◆ **WHAT YOU SHOULD DO**: Make an exact copy of the listing underneath, skipping each picture.
THE DATA section start
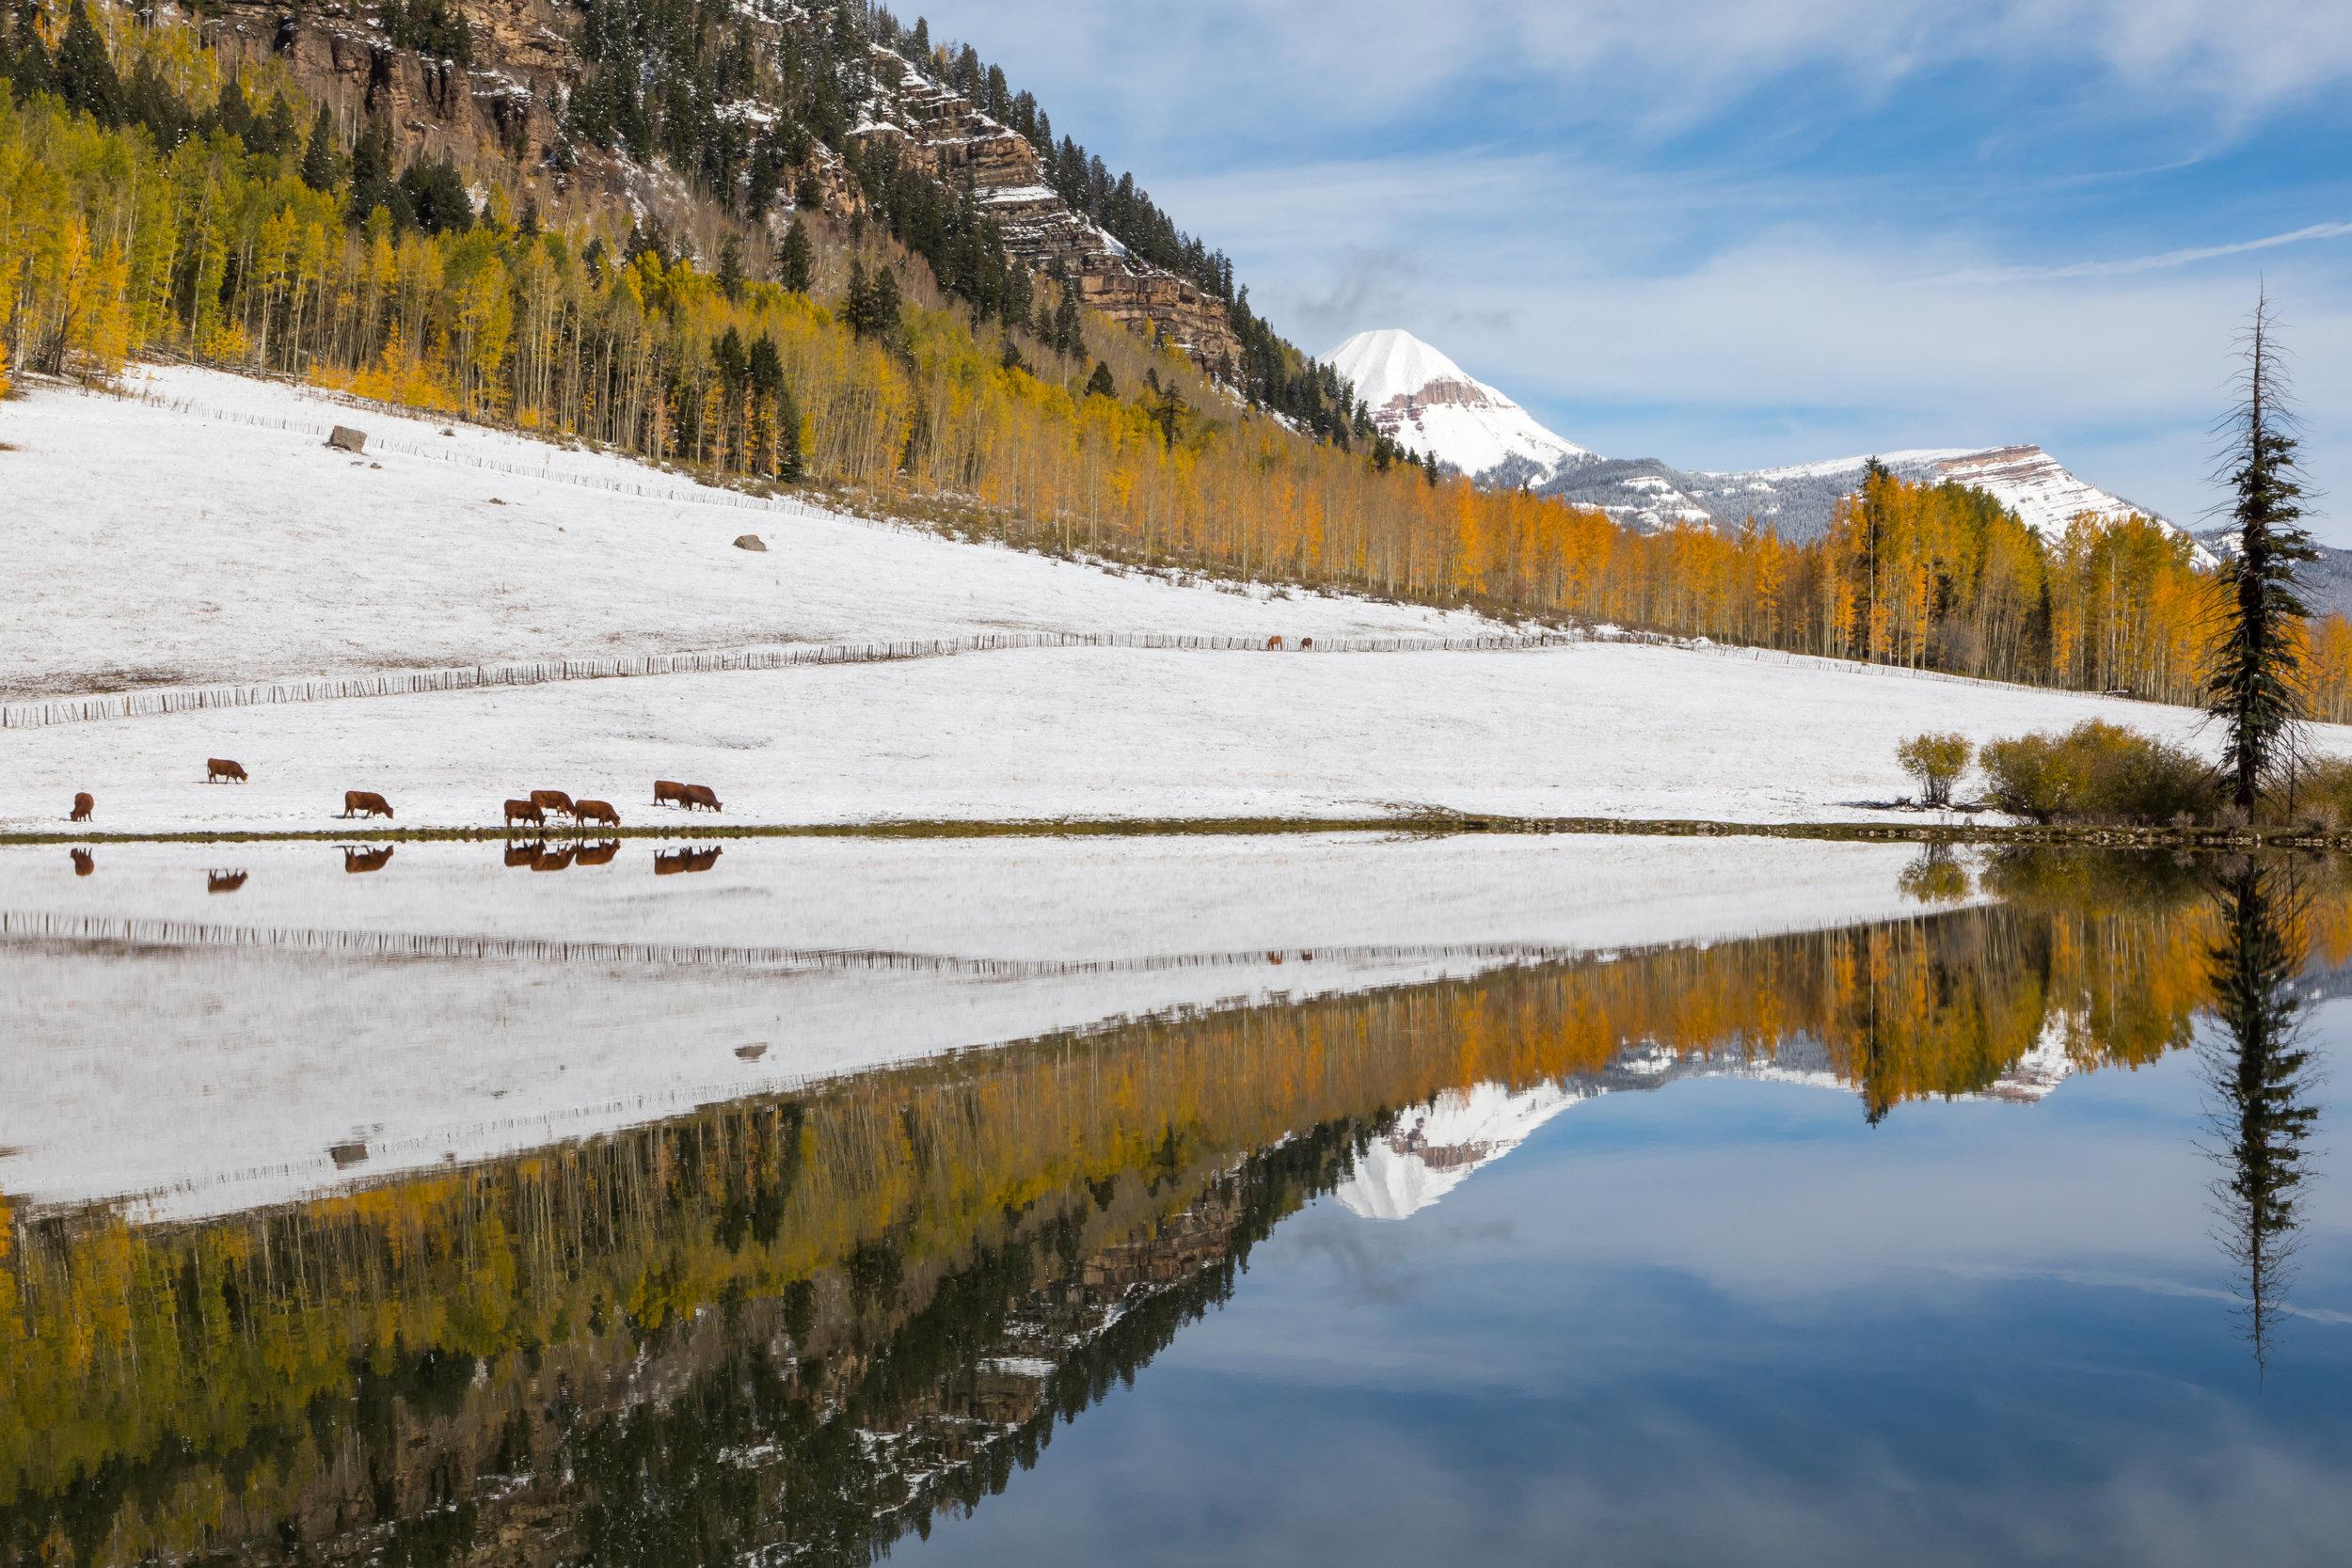 Hotter Pond, Image # 9817
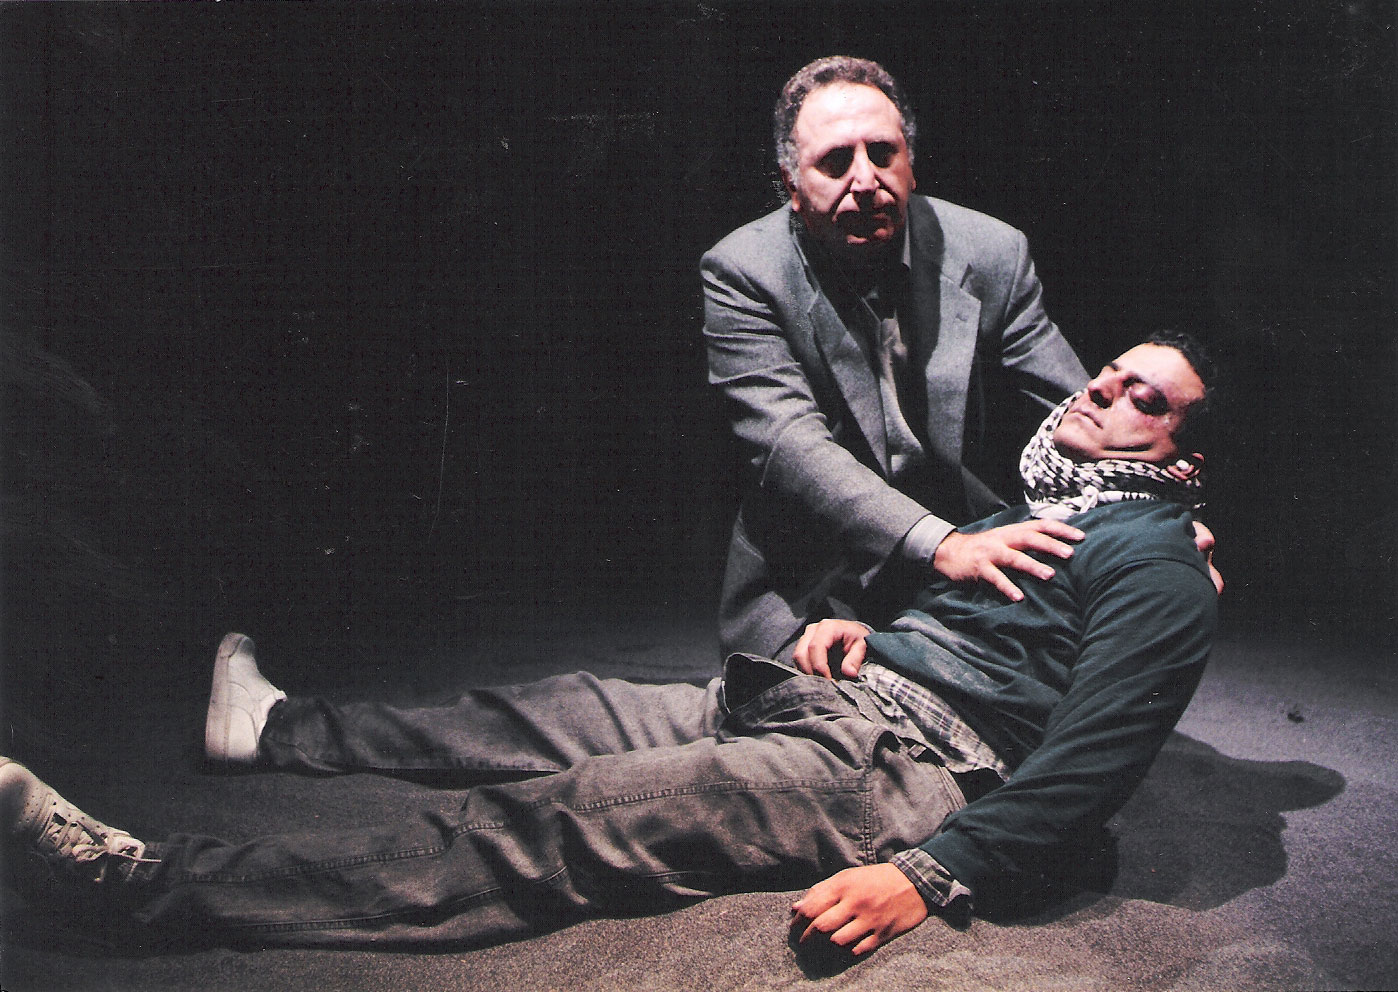 צילום: גדי דגון, באדיבות ארכיון התיאטרון הקאמרי
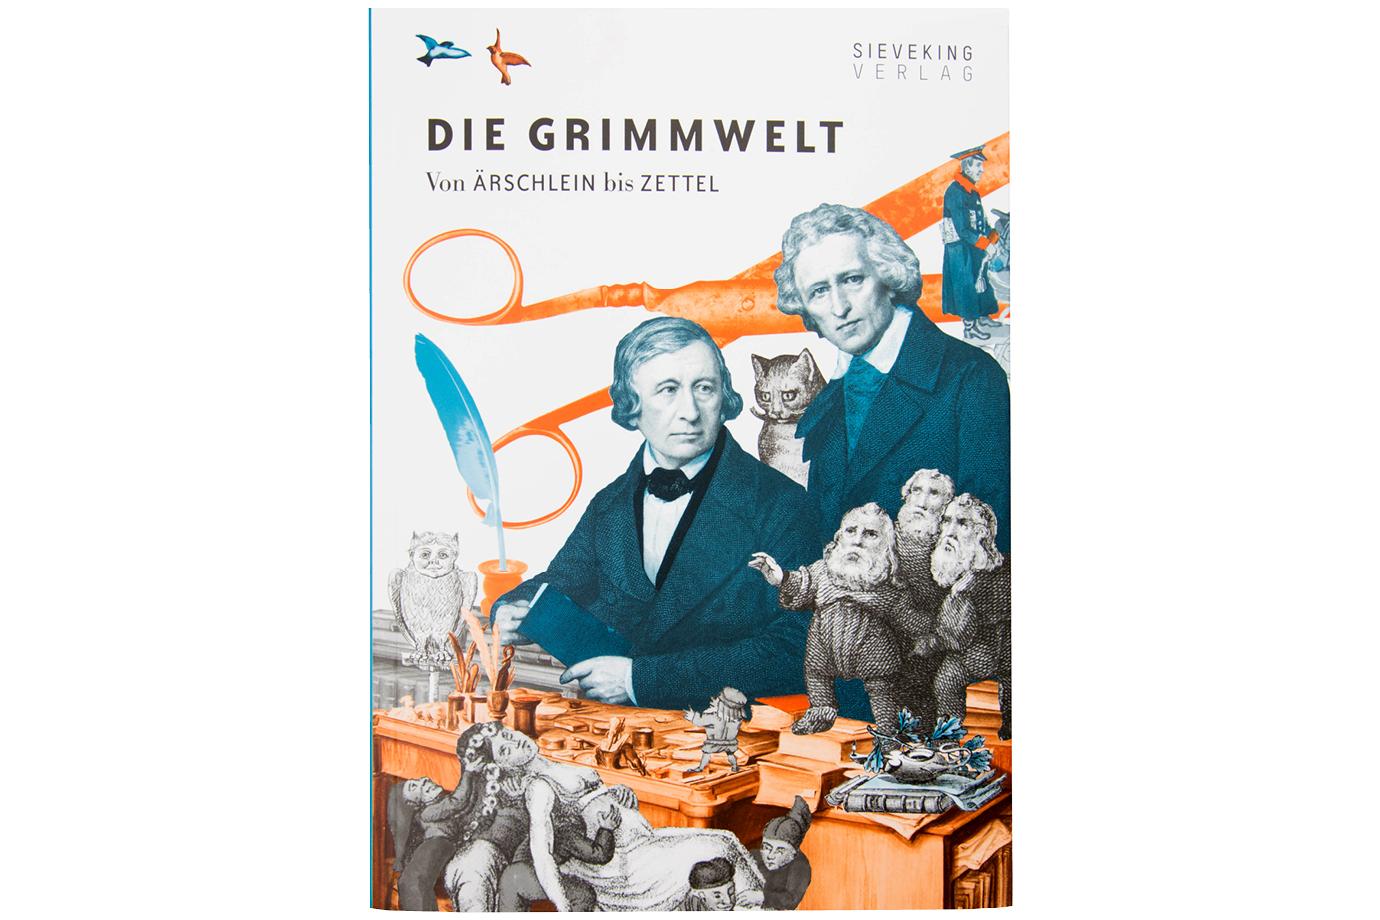 http://e-o-t.de/wordpress/wp-content/uploads/2017/05/2015_eot-Grimmwelt-Book-0.jpg
THE DATA section end
◆ **TASK RESULT**:
 Hotter Pond, Image # 9817
 צילום: גדי דגון, באדיבות ארכיון התיאטרון הקאמרי
 http://e-o-t.de/wordpress/wp-content/uploads/2017/05/2015_eot-Grimmwelt-Book-0.jpg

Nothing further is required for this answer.